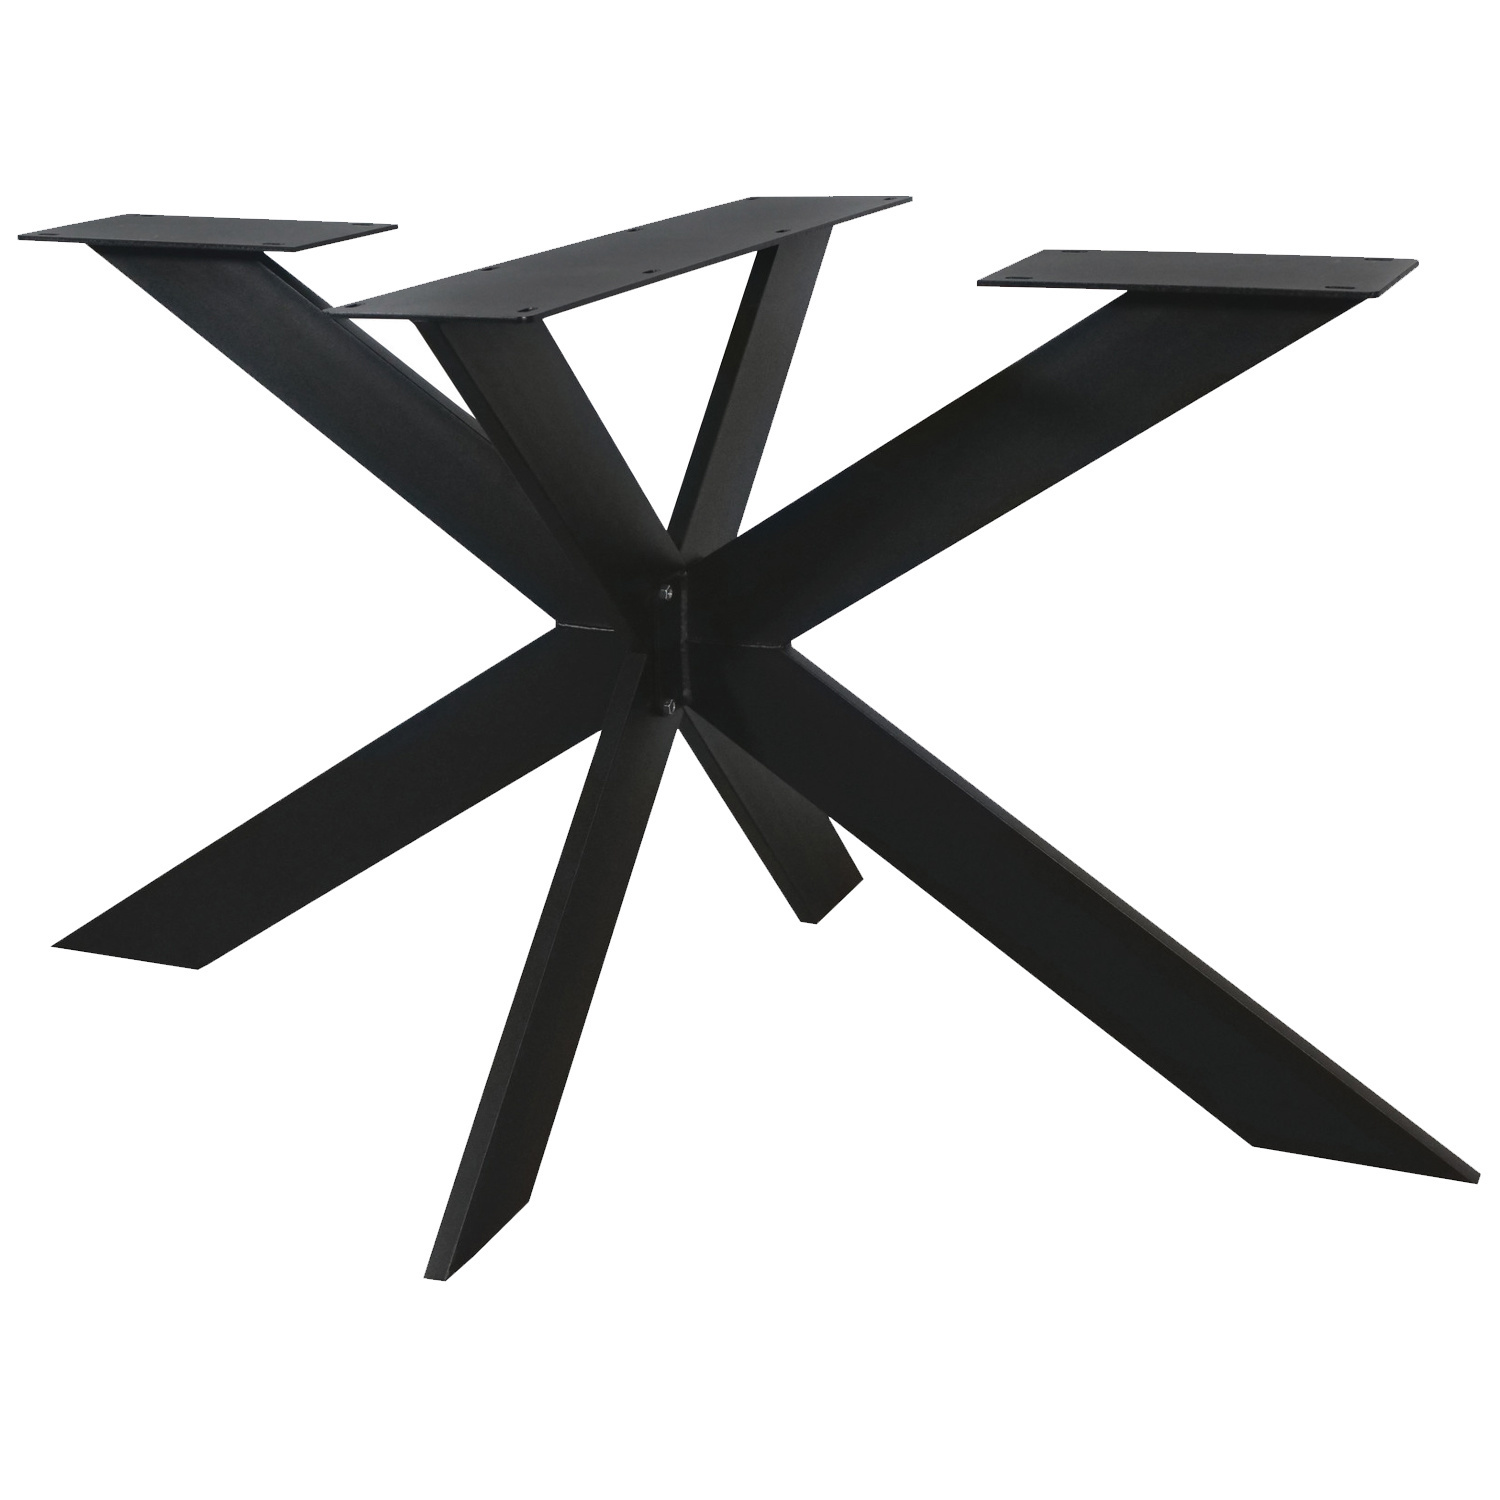  Tischgestell Metall Spider exclusiv- 3-Teilig - 3x15 cm - 90x140 cm - 72,5 cm hoch - Stahl Tischuntergestell / Mittelfuß Rechteck & oval - Beschichtet - Schwarz
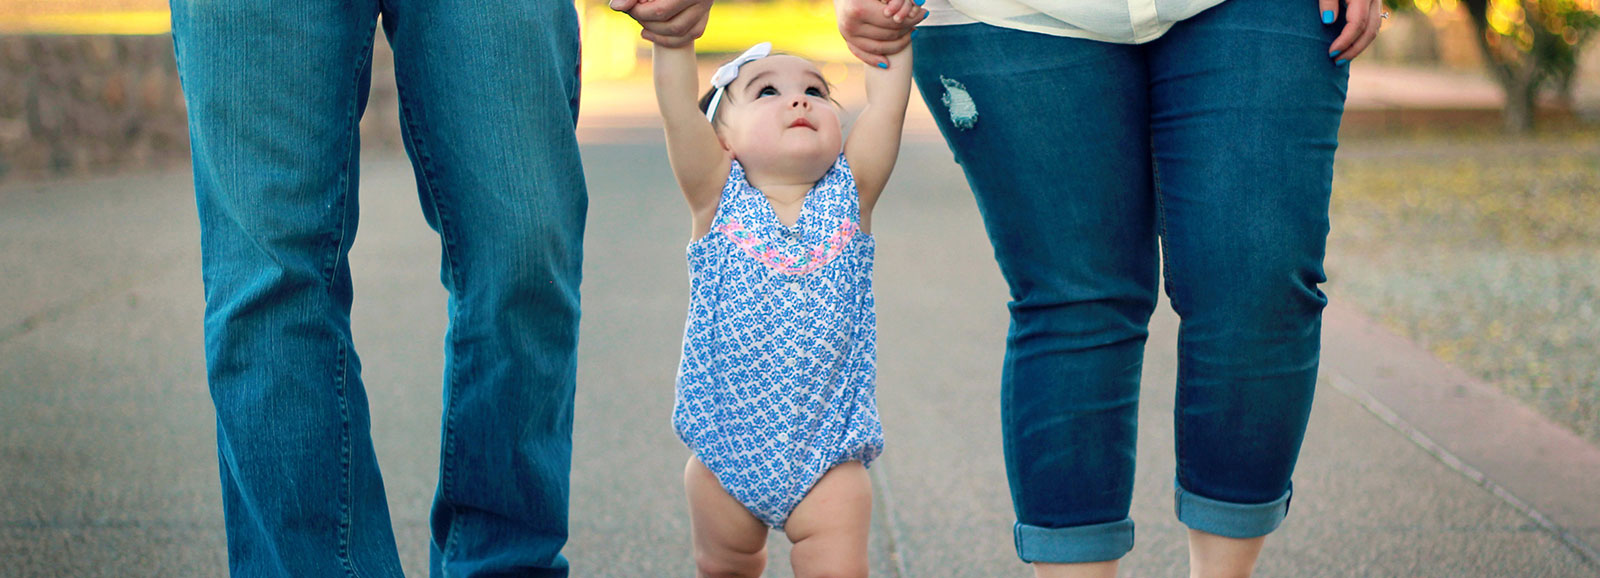 baby standing between parent's legs
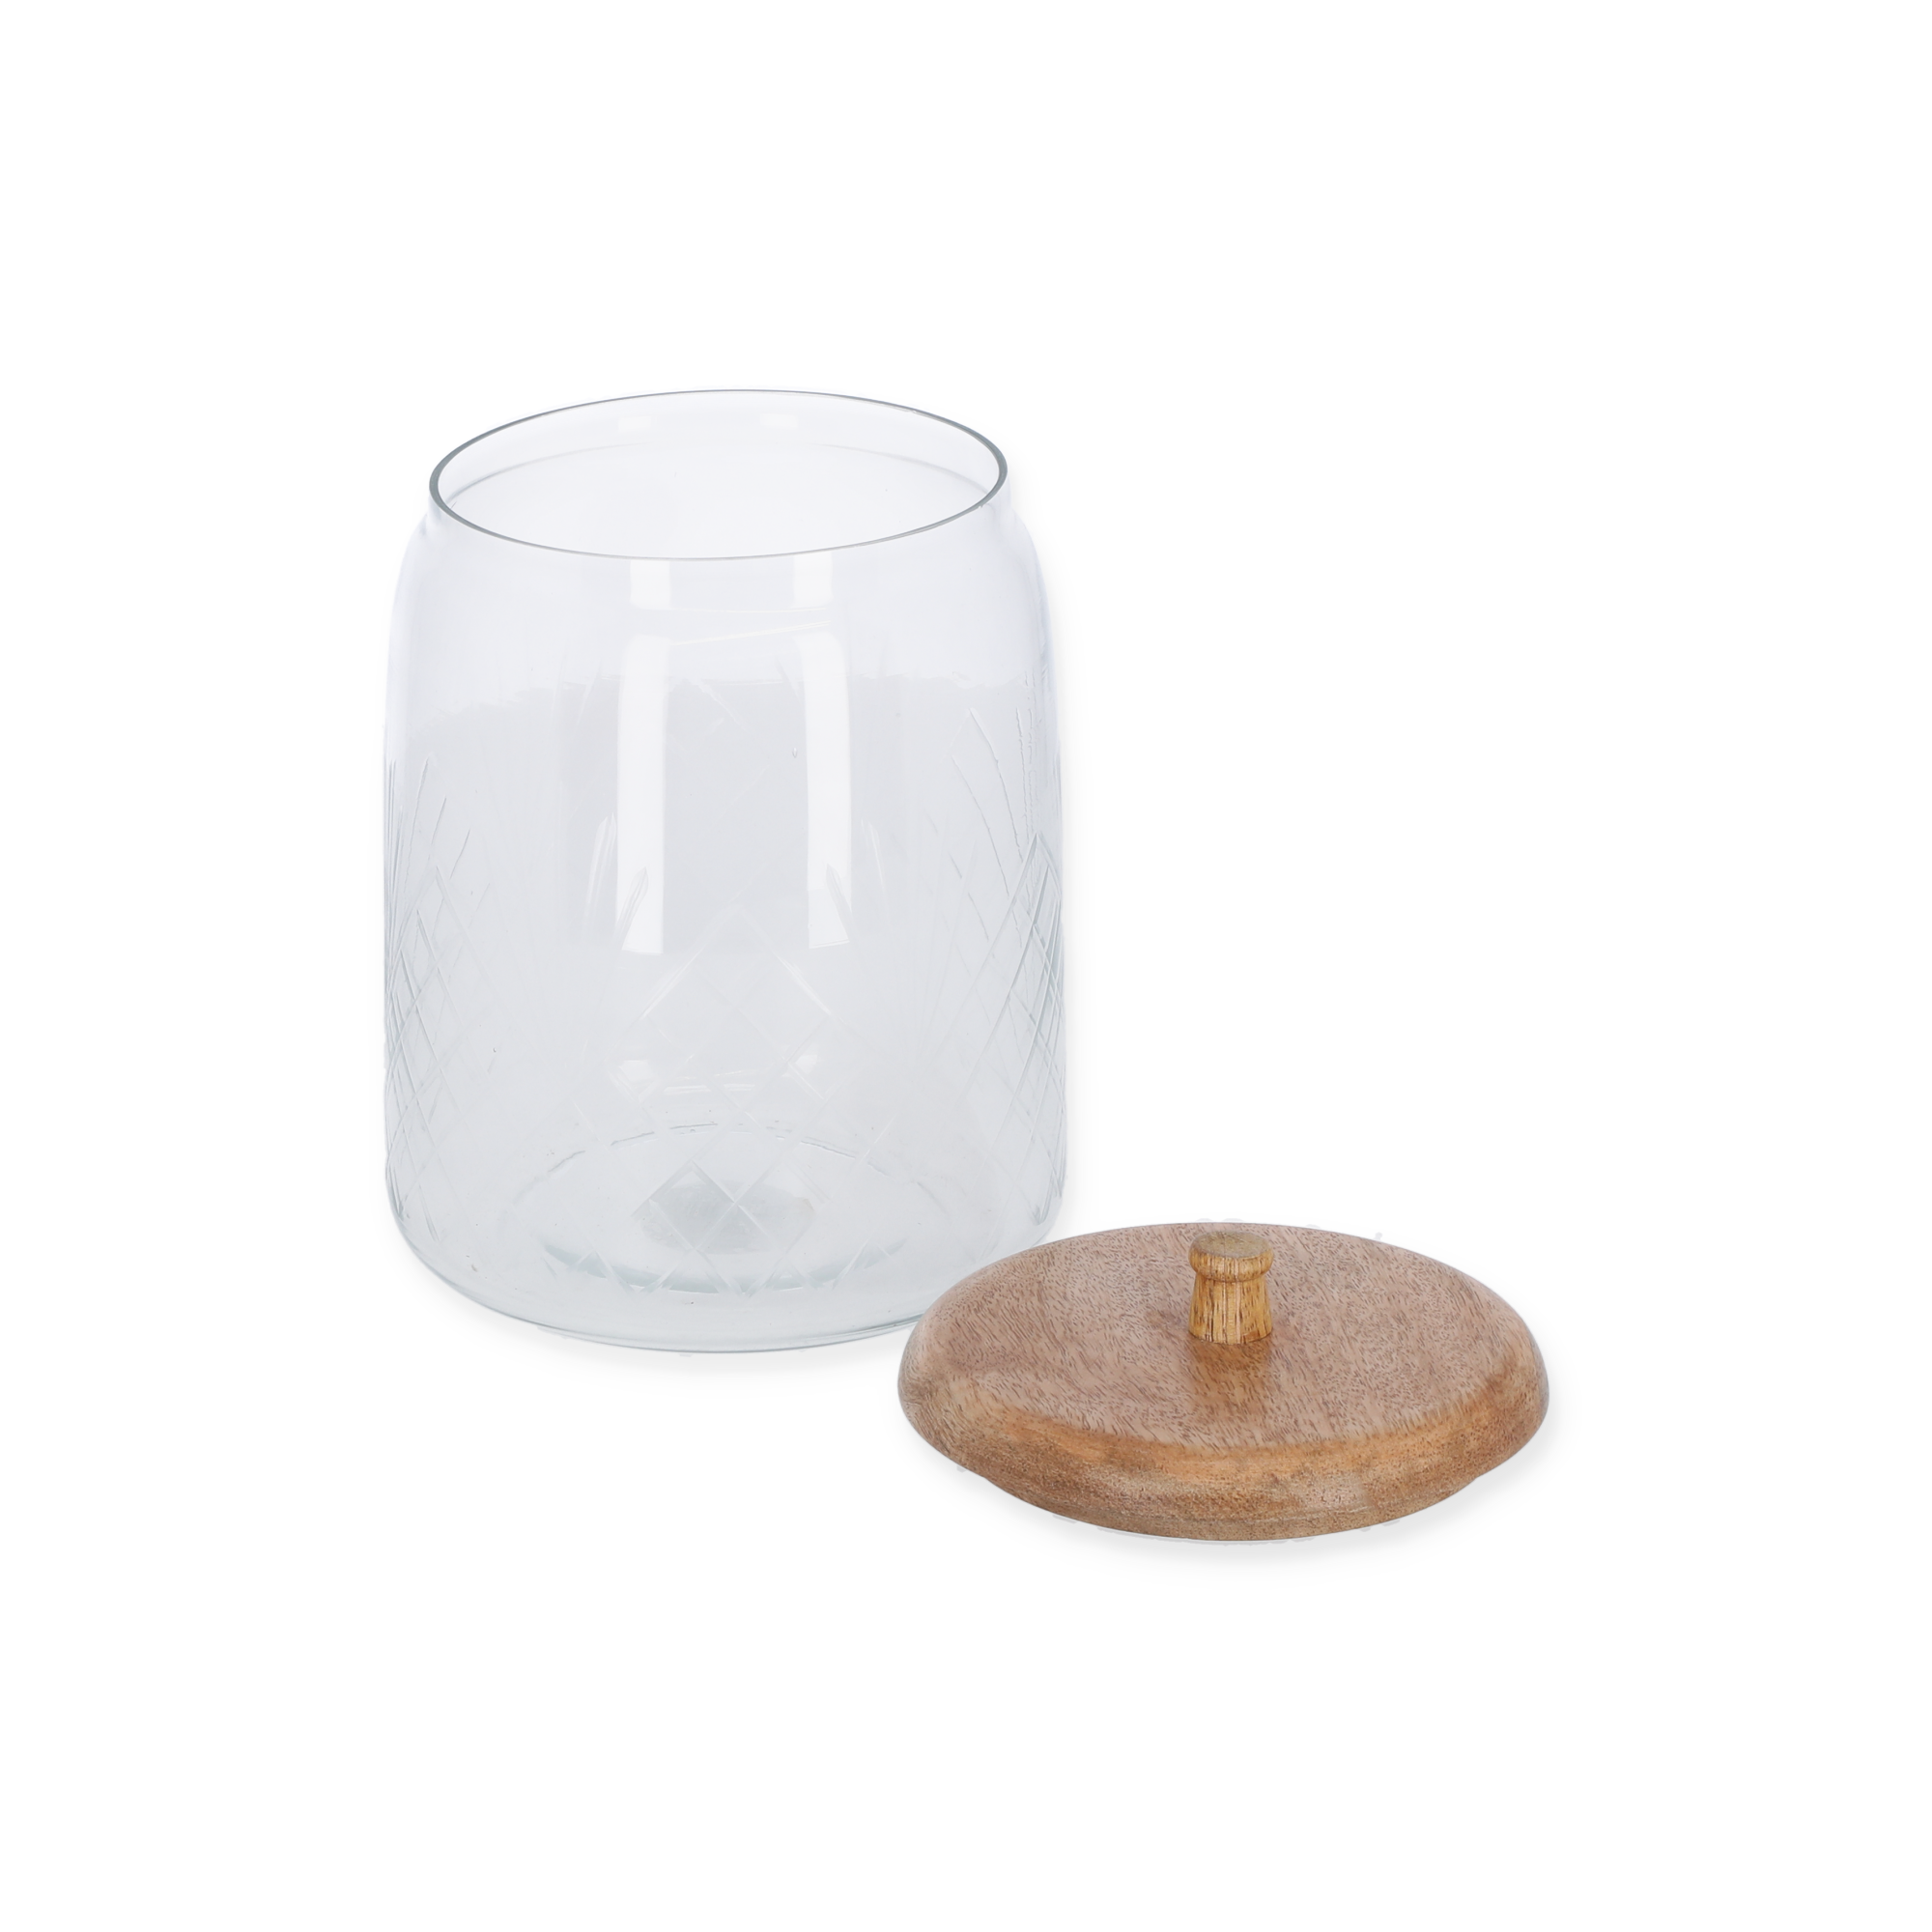 Dose Glas/Mangoholz transparent/braun Ø 15 x 21 cm + product picture

▶ [Exercise]:
Please output every line of the listing as it stands, and omit its images.

▶ [Solution to this exercise]:
  Tischgestell Metall Spider exclusiv- 3-Teilig - 3x15 cm - 90x140 cm - 72,5 cm hoch - Stahl Tischuntergestell / Mittelfuß Rechteck & oval - Beschichtet - Schwarz
 baby standing between parent's legs
 Dose Glas/Mangoholz transparent/braun Ø 15 x 21 cm + product picture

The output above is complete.